India's Sundarbans mangroves now a beacon of solar power

In the Sundarbans mangroves of eastern India, solar power is not an environmentally conscious luxury but the only viable source of electricity.

“It was like a curfew at dark earlier,” says Tapan Mandal of Rabat Jubilee village. “But today the village has a new life after sunset. Households are abuzz with activities and shops stay open till late.”
Thirteen million people live on the forest fringes among the mazes of salty waterways. Home to the Bengal tiger and several national parks, the magnificent ecosystem is a Unesco world heritage site. But grid power cannot be transmitted to the remote and scattered islands, leaving the local population dependent on other sources including kerosene, but also solar power.
The necessity has turned the region into a showcase for India’s renewable energy drive, with more than 1 million people in the mangrove delta now using solar electricity.
The first solar lighting system was installed in 1993 for 100 families by local authorities.
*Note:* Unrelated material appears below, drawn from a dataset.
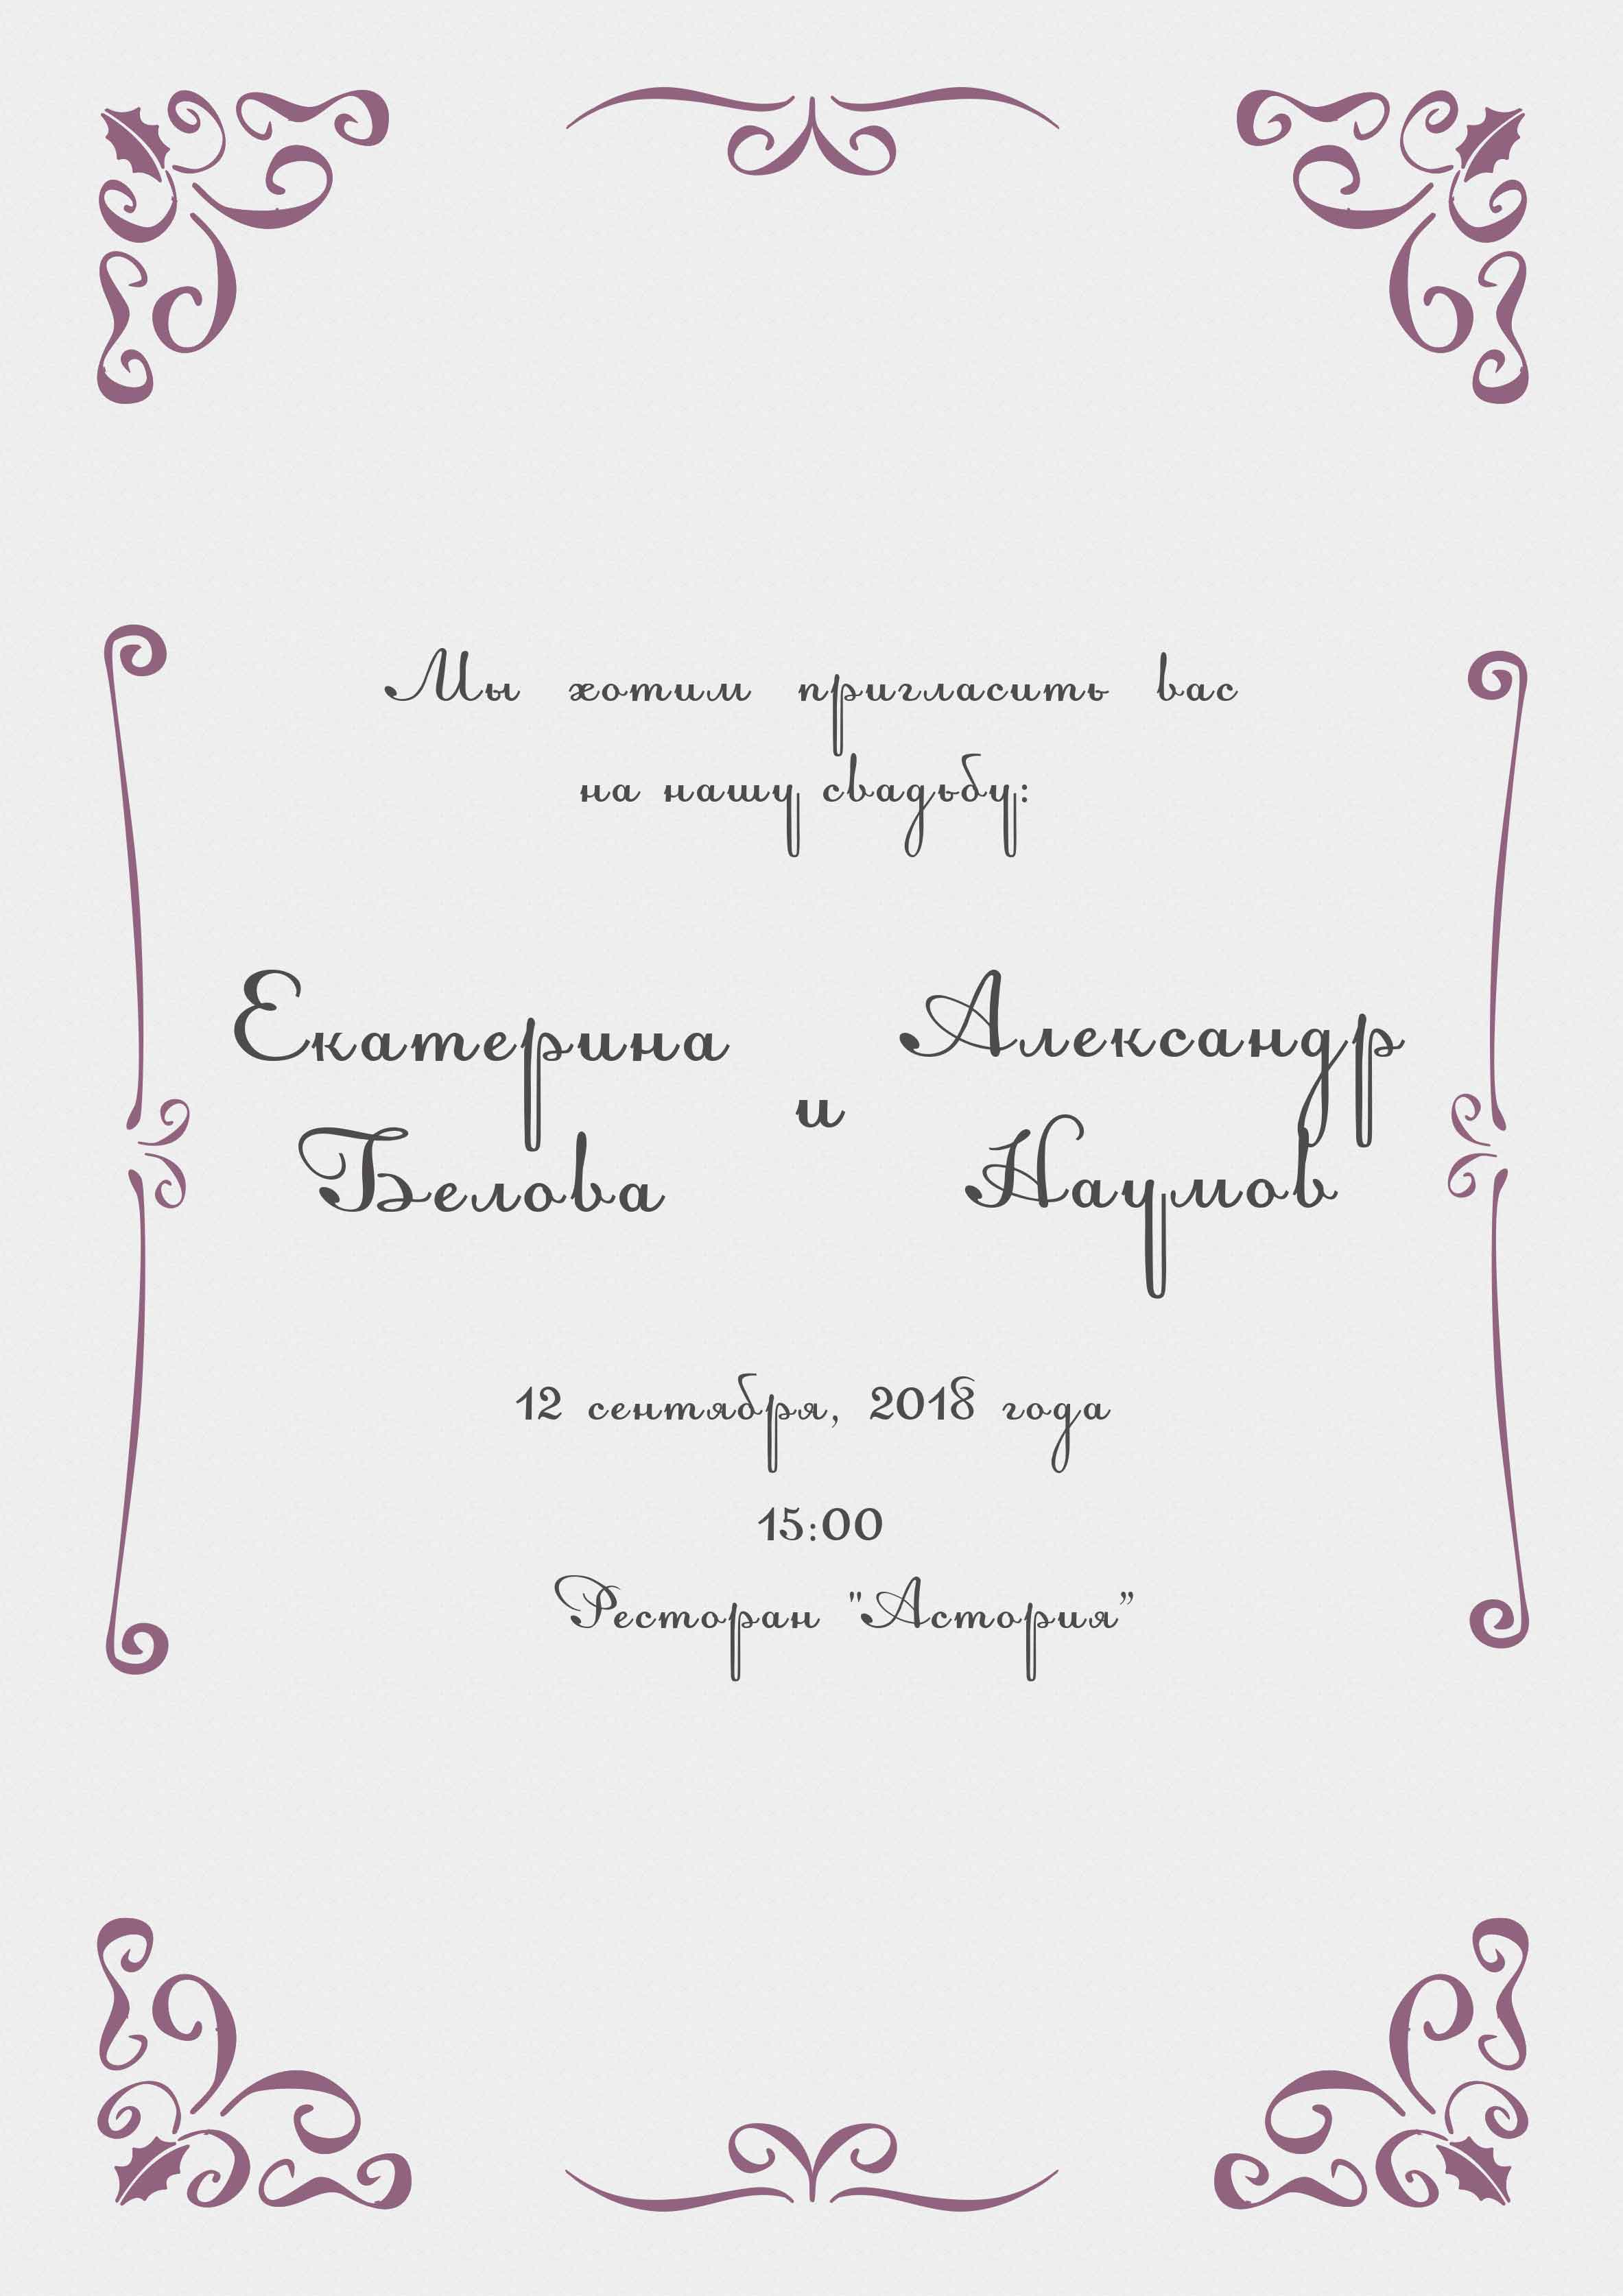 Шаблон для печати пригласительных на свадьбу. как сделать пригласительные на свадьбу в word своими руками – инструкция

Now solar power covers around 40 per cent of the population, says SP Gon Chaudhuri, the former director of the state renewable energy agency, which was responsible for launching the project.
In Rabat Jubilee, Mandal is the secretary of the cooperative council that runs the village’s solar network, set up by World Wildlife Fund(WWF) in 2011.
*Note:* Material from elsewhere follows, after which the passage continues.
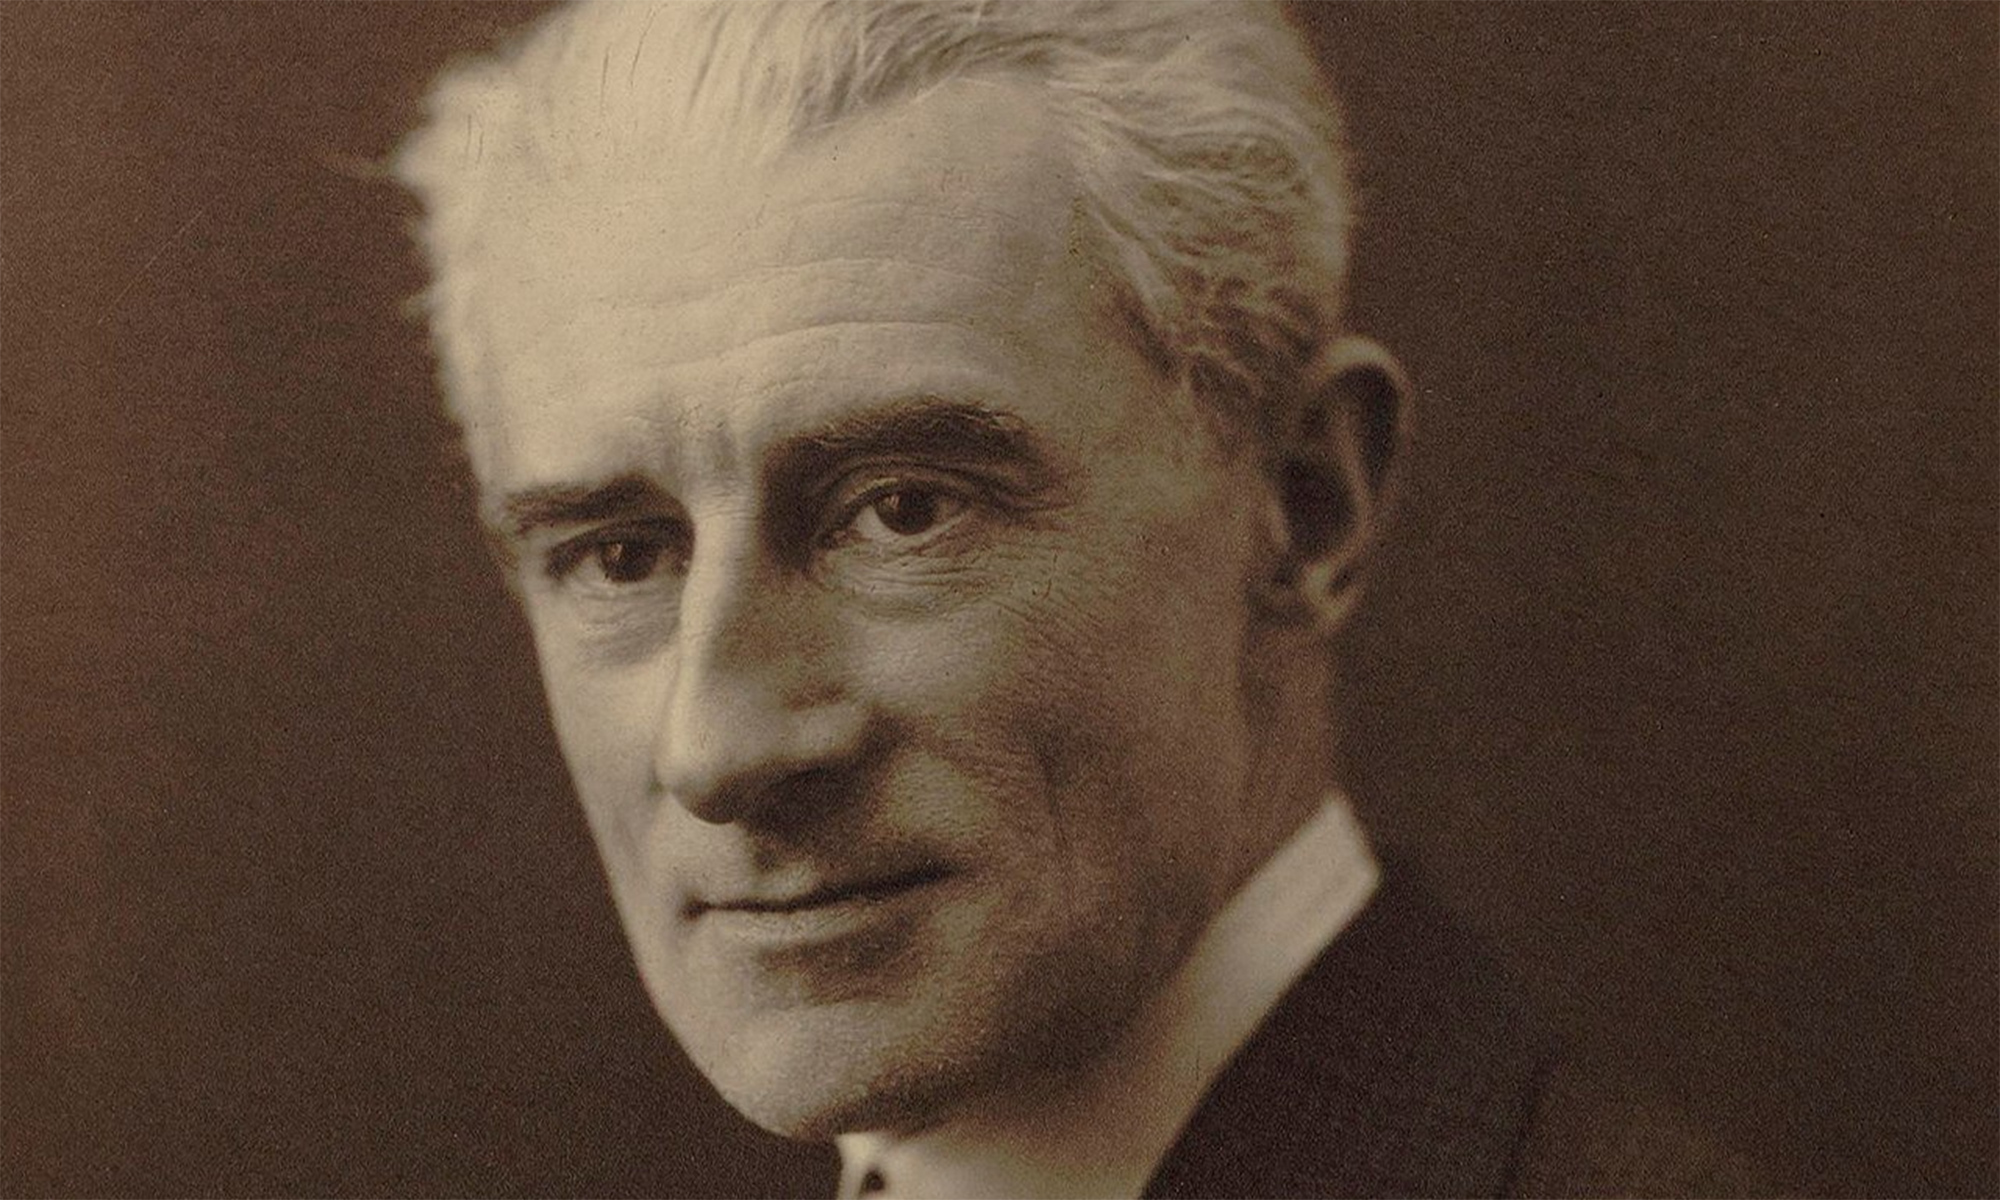 Рав ел. Морис Равель (1875–1937). Maurice Ravel. Равель портрет. Жозе́ф Мори́с Раве́ль.

The network connects 63 out of the around 100 households, and provides enough power for each house to have a light and a fan for eight hours after dark.
The extra power also helps businesses. Harshit Sarkar, 30, says he can earn an extra 1,000 rupees (Bt540) a day at his shop repairing mobile phones, televisions and other electronics.
It also keeps tigers away from the settlement, reducing conflict with humans, which is why the WWF supports the project in Rabat Jubilee and three nearby villages. The number of tiger attacks in the lit villages fell to one last year, compared to the dozens killed or maimed in previous years, WWF officer Debmalya Roy Chowdhury says.
In addition to the publicly funded projects, more than 100,000individuals have brought private solar panels for 10,000 rupees, which have become a common sight on the huts’ thatched roofs, and solar-lighting systems have become a common wedding gift.
India recently declared its objective to ramp up grid-connected solar power projects from 20 gigawatts (GW) today to 100GW by 2022.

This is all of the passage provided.